ParameterTypeDescription
tool_idstringTool name returned by tool_search.
argumentsobjectJSON object matching the selected tool's parameter schema. Defaults to {}.

Example:

{
"tool_id": "sql",
"arguments": { "query": "SELECT COUNT(DISTINCT customer_id) FROM orders" }
}

tool_invoke Response​

{
"tool_id": "sql",
"result": [{ "count": 1247 }]
}

Errors propagate the underlying tool's error message, prefixed with the tool_id so the model can decide whether to retry, ask for a different tool, or surface the failure to the user.

Functions in the Registry​

Every function declared with as_tool: true (the default) is registered both as a SQL UDF and as a tool, and therefore participates in the registry. This means a Spicepod with many domain-specific UDFs benefits from the registry exactly the same way as one with many MCP tools — the model only sees the function definitions for the few it actually asks about.

runtime:
functions:
enabled: true

embeddings:
- name: tool_embeddings
from: openai:text-embedding-3-small

functions:
- name: haversine_km
from: sql
description: Haversine great-circle distance in kilometres.
volatility: immutable
signature:
args:
- { name: lat1, type: float64 }
- { name: lon1, type: float64 }
- { name: lat2, type: float64 }
- { name: lon2, type: float64 }
returns: float64
body: |
6371 * acos(
cos(radians(lat1)) * cos(radians(lat2)) *
cos(radians(lon2) - radians(lon1)) +
sin(radians(lat1)) * sin(radians(lat2))
)
# ...many more

models:
- name: my-model
from: openai:gpt-4o
params:
tools: auto # registry kicks in automatically once the function count crosses the threshold
tool_embedding_model: tool_embeddings

To keep a function out of the registry (and out of the LLM tool surface entirely) while still callable from SQL, set as_tool: false:

functions:
- name: internal_hash
from: sql
as_tool: false
signature:
args: [{ name: x, type: int64 }]
returns: int64
body: 'x * 2654435761'

User-defined table functions (UDTFs) are SQL-only and are not currently registered as LLM tools, so they don't appear in the registry.

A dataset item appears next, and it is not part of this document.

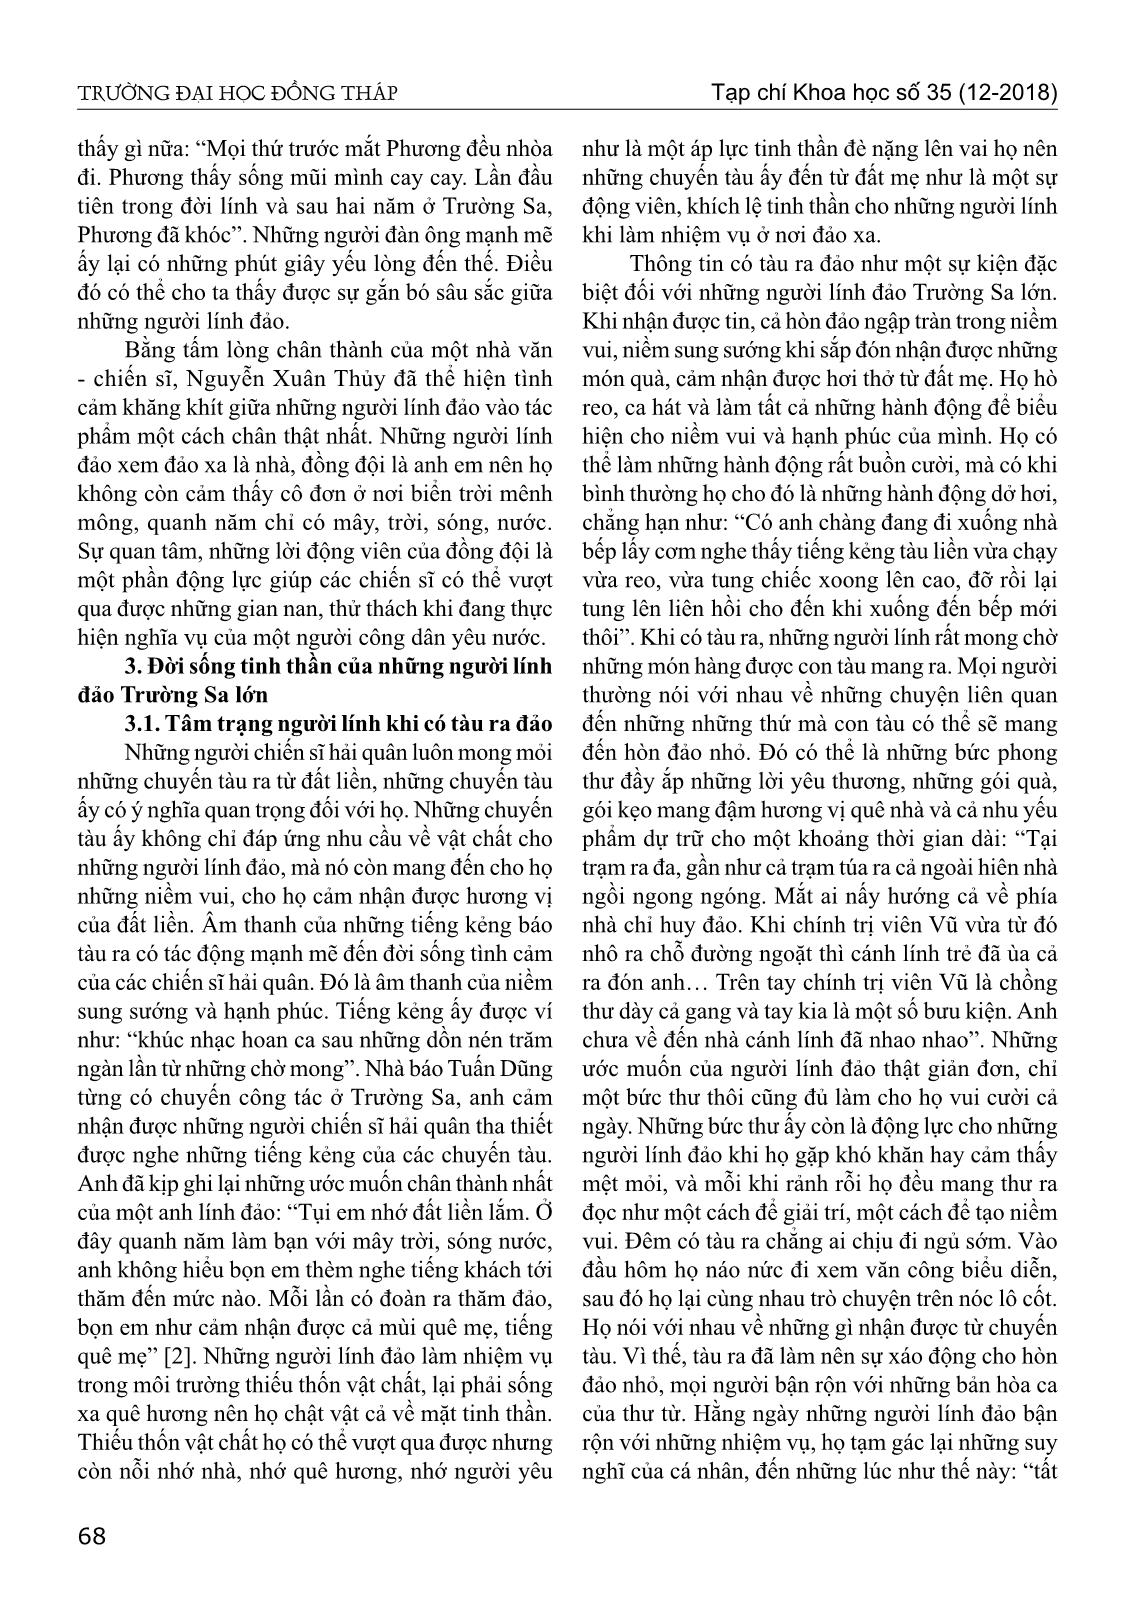 Chân dung người lính biển trong tiểu thuyết biển xanh màu lá của Nguyễn Xuân Thủy trang 5

Reserved Tool Names and Conflicts​

tool_search and tool_invoke are reserved names. If a user-defined tool, function, or MCP tool registers under either name:

  • tools: search_registry → fails at startup with a clear error.
  • tools: auto → logs a warning and falls back to direct tools.

Rename the offending tool, or set as_tool: false to keep it SQL-only.

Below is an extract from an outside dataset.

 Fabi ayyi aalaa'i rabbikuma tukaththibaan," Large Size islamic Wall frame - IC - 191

Discovering What's in the Registry​

Two ways to inspect the catalog from outside the model:

  • From SQL — SELECT * FROM list_udfs() WHERE source = 'user'; lists every user-declared function, regardless of whether it's currently in the registry.
  • From the HTTP API — GET /v1/functions returns the functions registered as both SQL and tool entries.

For tools (built-in plus MCP plus function-derived), the model can call tool_search with an open-ended query (e.g. query: "*") — though in practice, asking for the tools relevant to the current step is what the model actually wants.